• ENTRIES PROVIDED
((

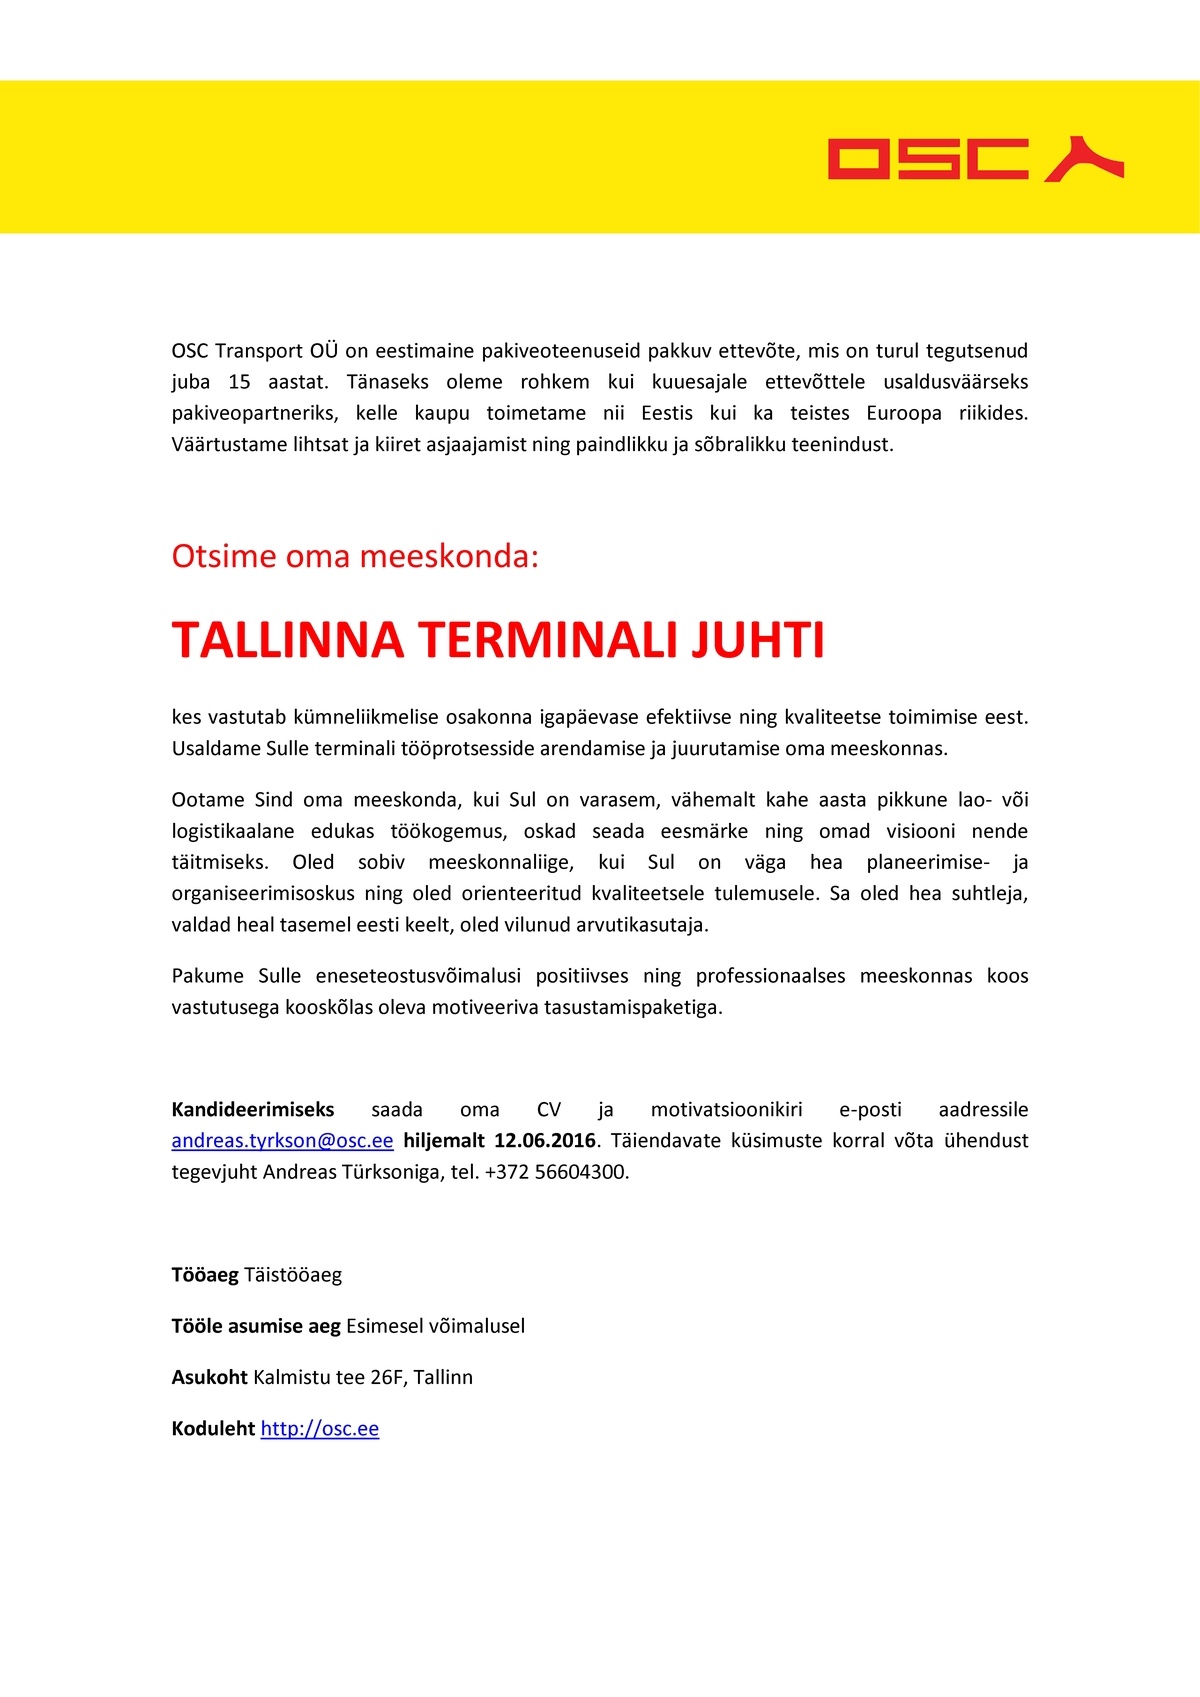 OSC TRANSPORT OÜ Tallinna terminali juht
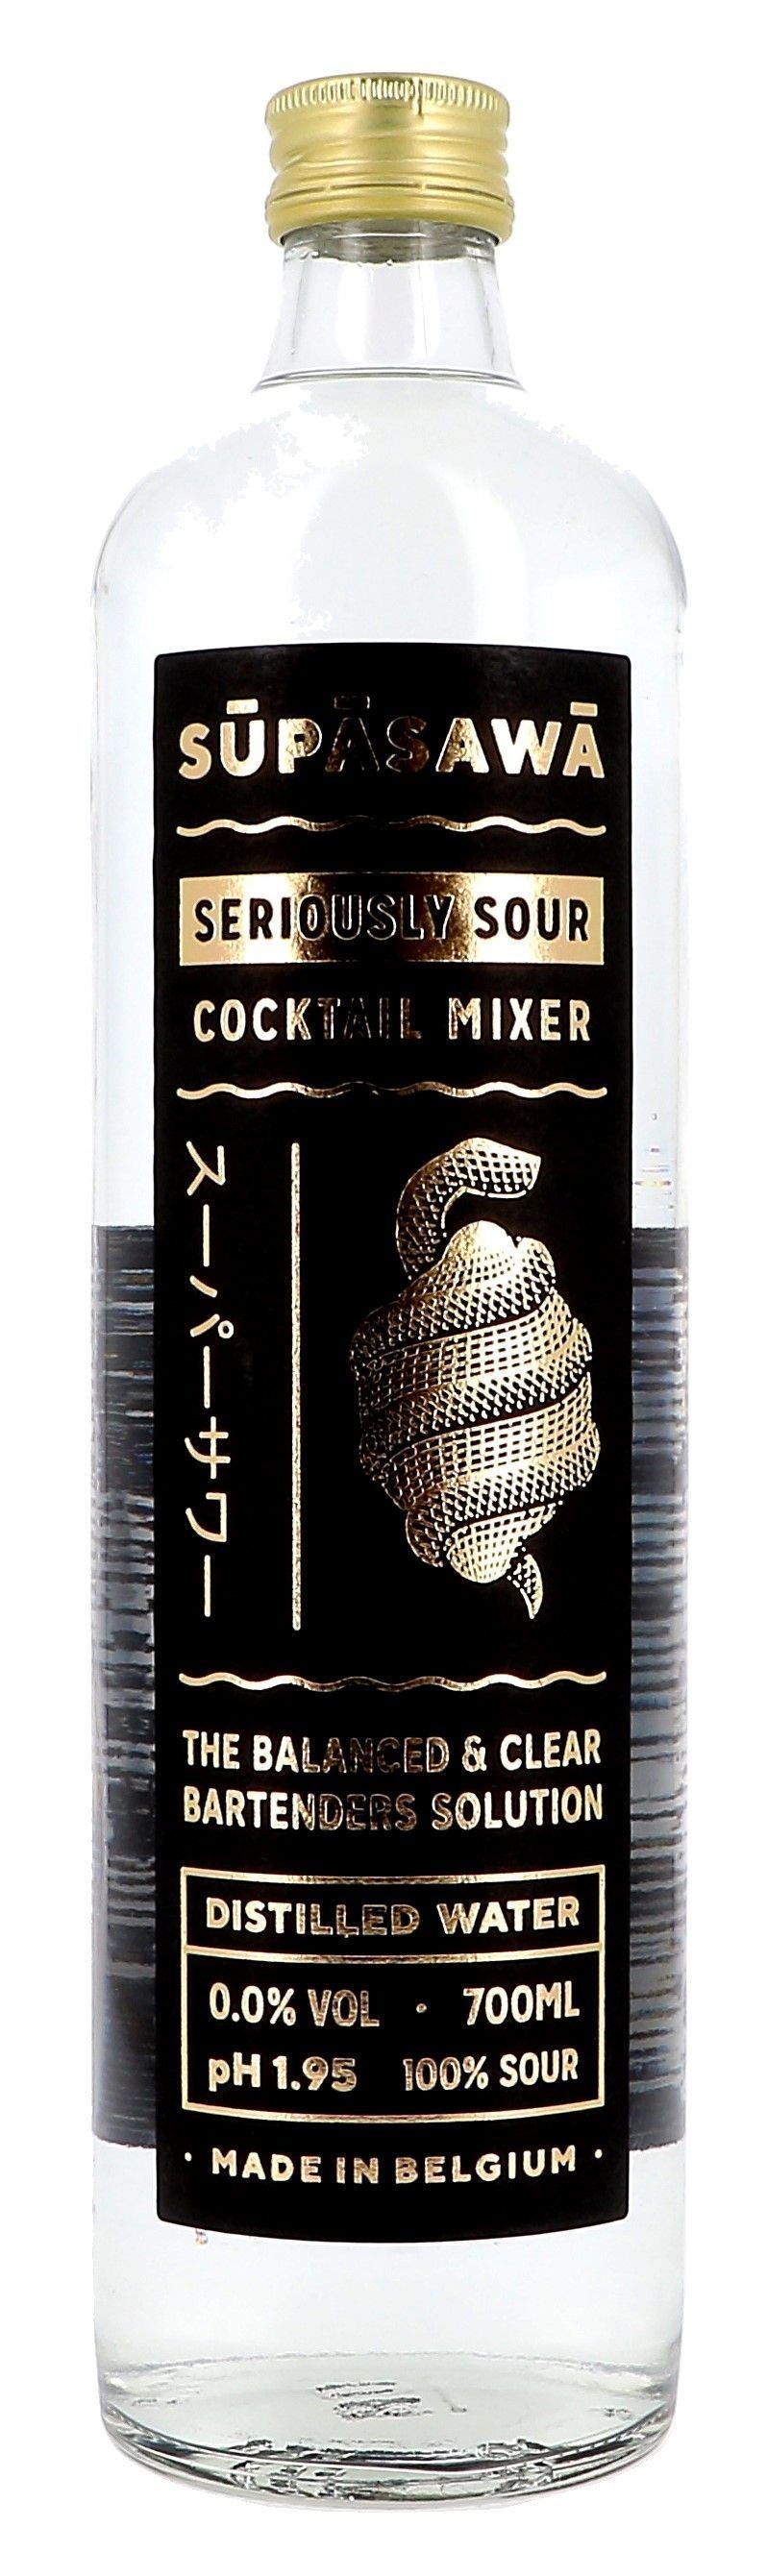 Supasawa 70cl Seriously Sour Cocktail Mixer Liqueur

))
((

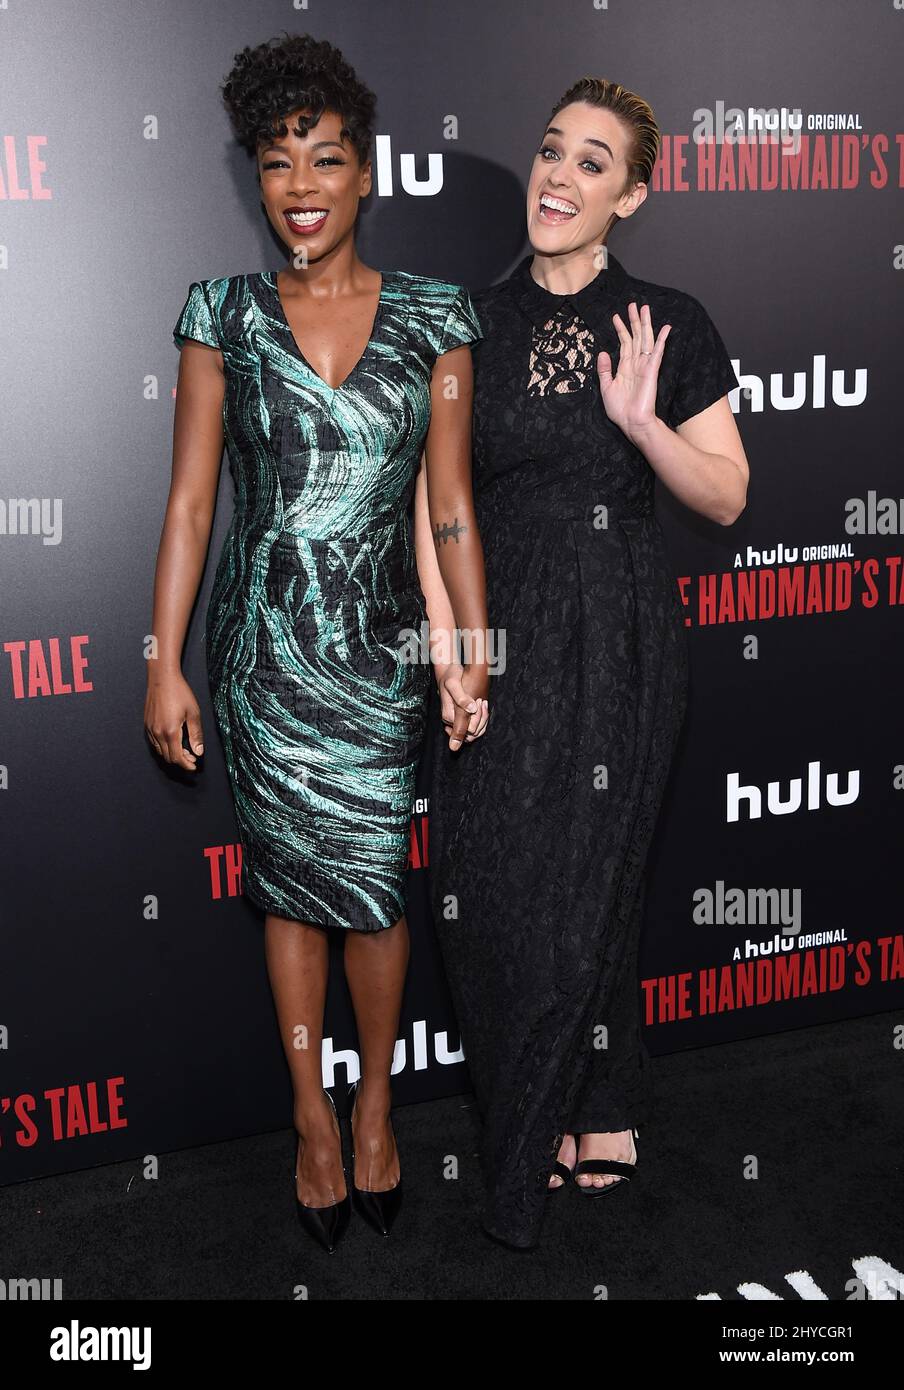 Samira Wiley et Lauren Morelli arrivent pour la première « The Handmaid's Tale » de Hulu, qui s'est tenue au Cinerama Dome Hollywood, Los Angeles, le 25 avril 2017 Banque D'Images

))
((

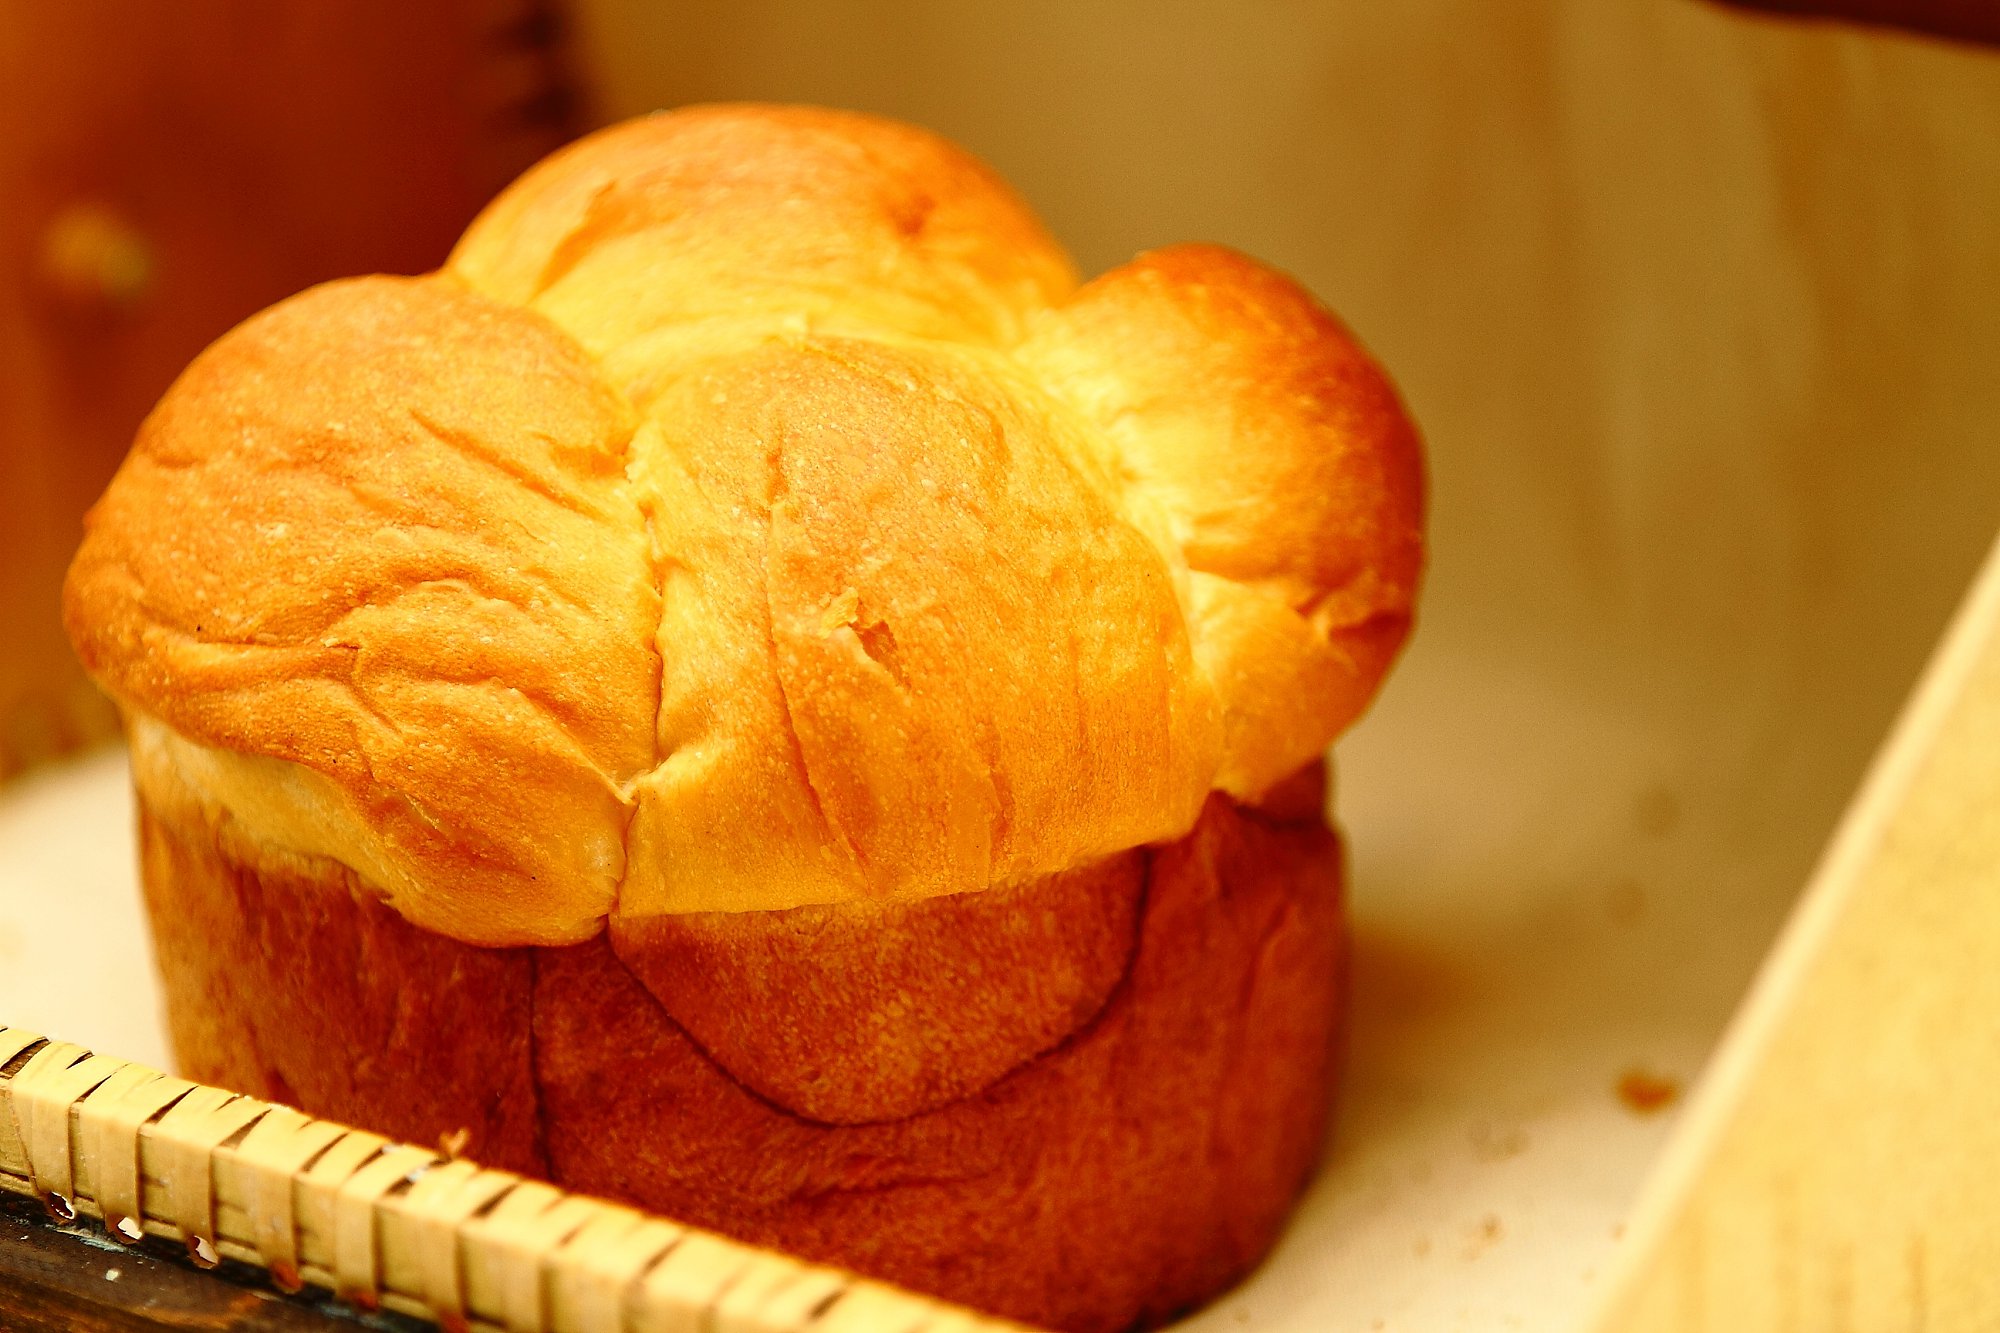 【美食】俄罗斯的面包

))

• WHAT THIS TASK INVOLVES
Above are some entries; copy exactly the lines from the line with "OSC TRANSPORT OÜ Tallinna terminali juht" through the line with "Supasawa 70cl Seriously", both included, but none of the pictures.

• RESPONSE TO THIS TASK
 OSC TRANSPORT OÜ Tallinna terminali juht
 Supasawa 70cl Seriously Sour Cocktail Mixer Liqueur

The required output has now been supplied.